De acordo com a Capes, a grande área de ciências da saúde é composta pelas seguintes áreas de conhecimento: medicina, nutrição, odontologia, farmácia, enfermagem, saúde coletiva, educação física, fonoaudiologia, fisioterapia e terapia ocupacional. As 38 publicações revisadas estão assim distribuídas: saúde coletiva (23), enfermagem (8), medicina (5) e educação física (2). Houve concentração de publicações no segundo semestre de 2020 e primeiro trimestre de 2021, conforme pode ser visto na figura 1:

Figura 1
Linha do tempo das publicações, em ciências da saúde, sobre gênero e pandemia da Covid-19 no Brasil, de janeiro de 2020 a julho de 2021

Geralmente, as publicações possuíam mais de 3 autores, com uma média de 4 autores por publicação. Com exceção de 1 artigo, as mulheres estão presentes na autoria de todas as publicações aqui revisadas, sendo que, em 24 delas (63%), elas são a primeira autora. Diversos foram os temas abordados nas publicações, mas foi possível agrupá-los em eixos temáticos.

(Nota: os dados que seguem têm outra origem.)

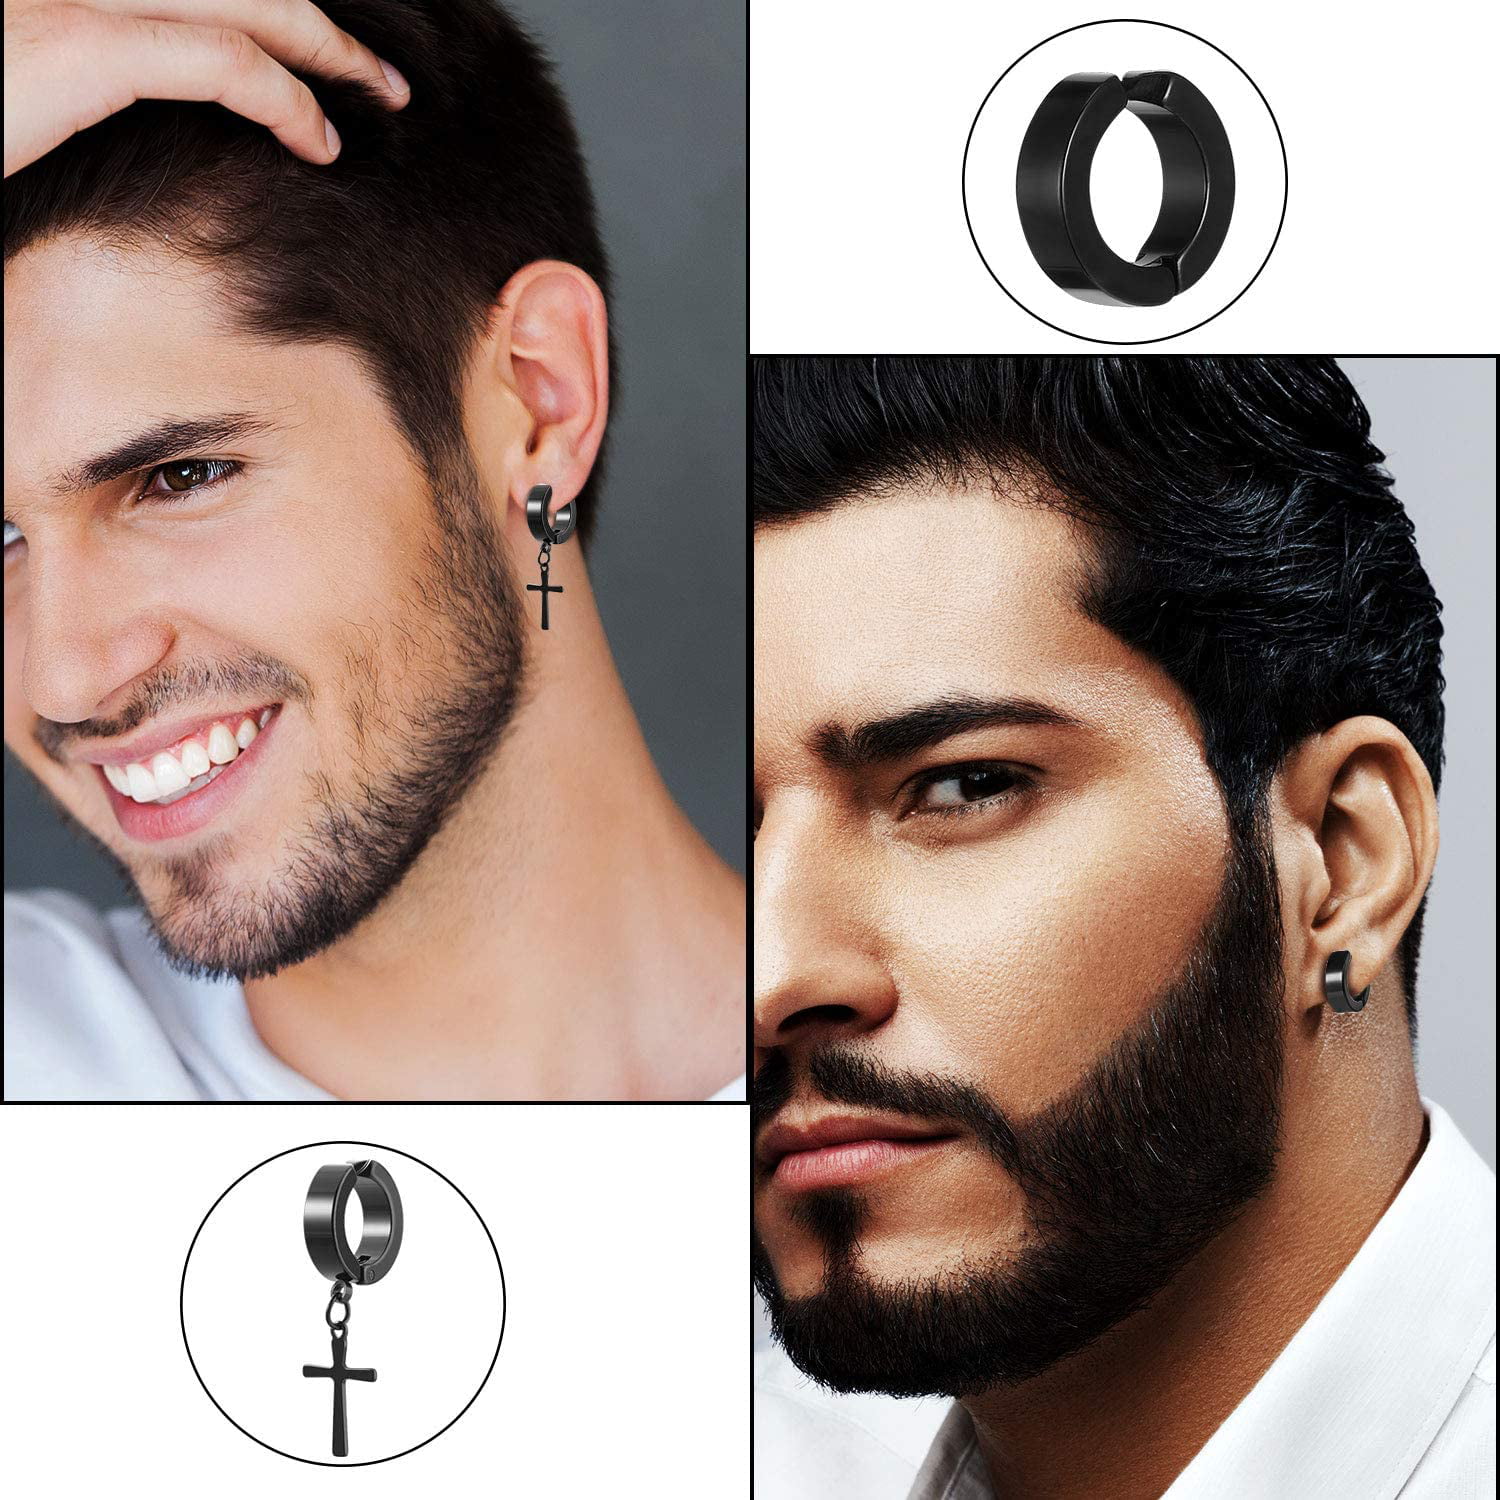 EIELO Clip on Earrings for Men Stainless Steel Fake Cross Dangle Earrings  Silver Black Clip on Fake Earring Set, Stainless Steel, No Gemstone :  Amazon.ca: Clothing, Shoes & Accessories

Em sua maioria, eles eram consistentes com as questões centrais dos estudos de gênero. A exceção diz respeito à adesão a medidas preventivas contra a Covid-19, um tema especificamente relacionado com a pandemia, que emergiu de forma relevante, como veremos adiante. Como a imunização no País ainda não estava em curso nesse período, apenas um artigo tratou das vacinas. Os eixos sistematizados foram: Repercussões emocionais e saúde mental (11); Trabalho e renda (8); Adesão às medidas preventivas (7); Hábito e estilo de vida (5); Violência contra a mulher (5); e Saúde e direitos sexuais e reprodutivos (2). A figura 2 mostra a distribuição das publicações por eixo temático.

Figura 2
Distribuição proporcional das publicações revisadas por eixos temáticos

Os trabalhos apresentaram intersecção quanto aos eixos de análise, mas a classificação impõe escolhas quanto ao objeto considerado principal. Por exemplo, os estudos que tinham transtornos mentais como tema preponderante foram inseridos no eixo de repercussões emocionais e saúde mental ainda que, por vezes, apresentassem motivações econômicas como razão dos transtornos. Escolhas semelhantes foram feitas para os demais eixos.

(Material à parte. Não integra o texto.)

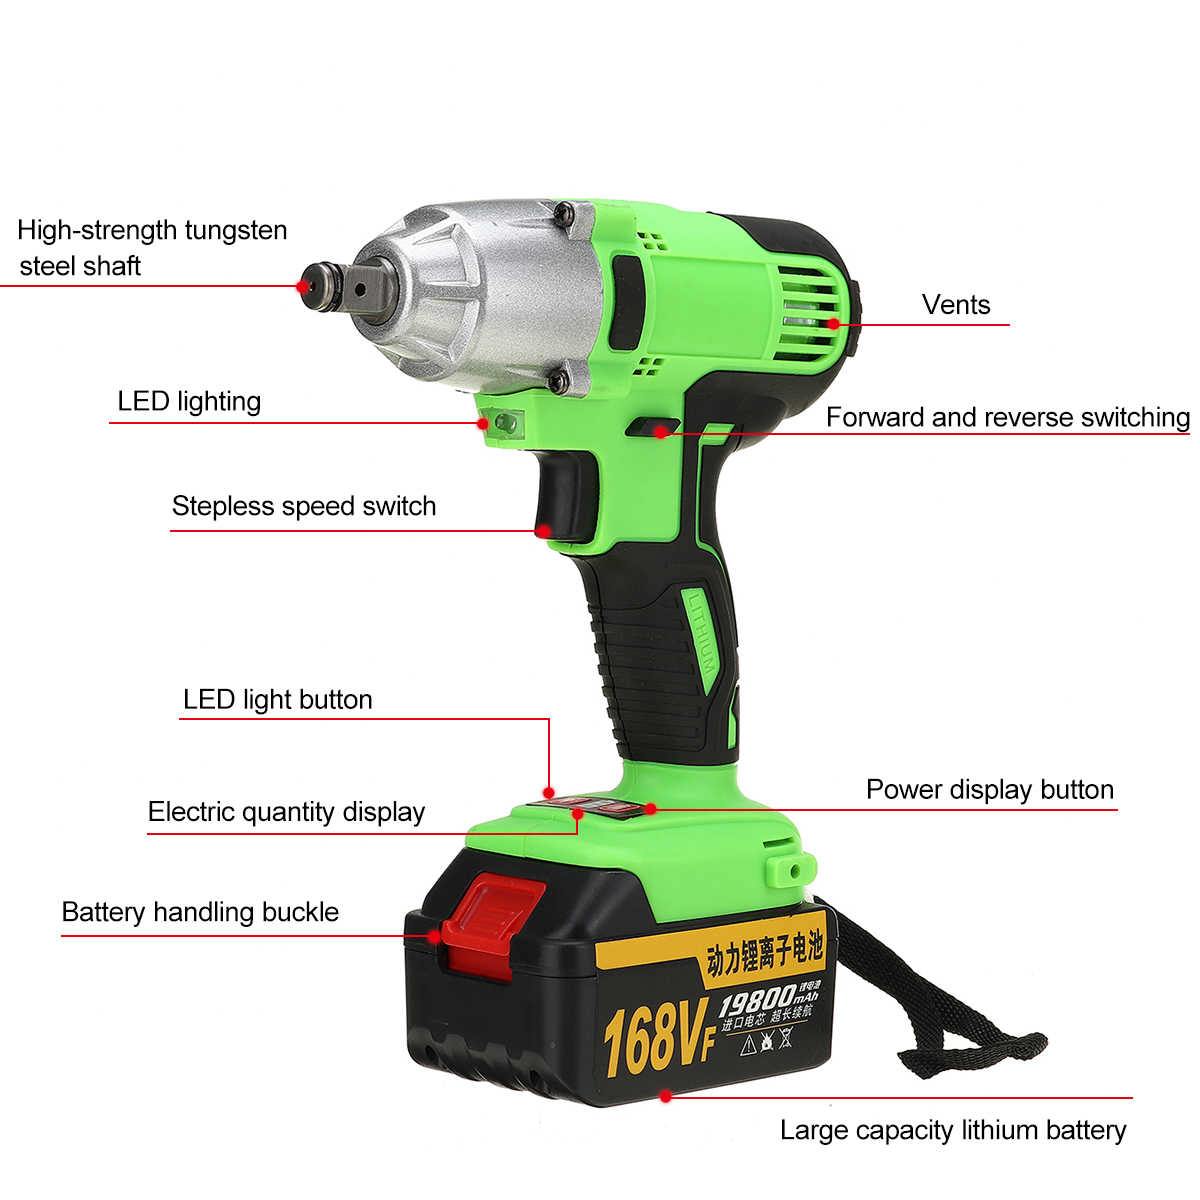 168VF-19800mAh-330NM-Electric-Impact-Wrench-Li-ion-Battery-Rechargeable-Power-Tool-1704614-9

Repercussões emocionais e saúde mental

Este eixo temático reuniu 11 artigos, distribuídos nas áreas de saúde coletiva (5), enfermagem (4) e medicina (2). Ele contém investigações que buscaram, no início da pandemia ou ao longo desta, conhecer as principais repercussões emocionais do isolamento e da pandemia, assim como os grupos sociais mais afetados emocionalmente. Foi constatado que as mulheres foram as mais afetadas pelos sentimentos de solidão, isolamento, ansiedade, tristeza, depressão, perda de suporte social, trauma ou estigma e discriminação.

Malta et al.11 destacaram que esses sentimentos estavam associados ao aumento do consumo de cigarros e à piora da qualidade do sono e da saúde mental nas mulheres. Romero et al.12 mostraram que a redução da renda e o aumento da sobrecarga doméstica repercutiram negativamente na saúde emocional e mental de mulheres idosas, especialmente entre aquelas mais vulnerabilizadas socialmente. Moraes-Filho et al.13 discutiram a importância da amizade para superar tensões durante a pandemia. Eles indicaram que ser do sexo feminino, da raça branca e ter maior renda contribuíram para maiores níveis de tolerância nas relações de amizade.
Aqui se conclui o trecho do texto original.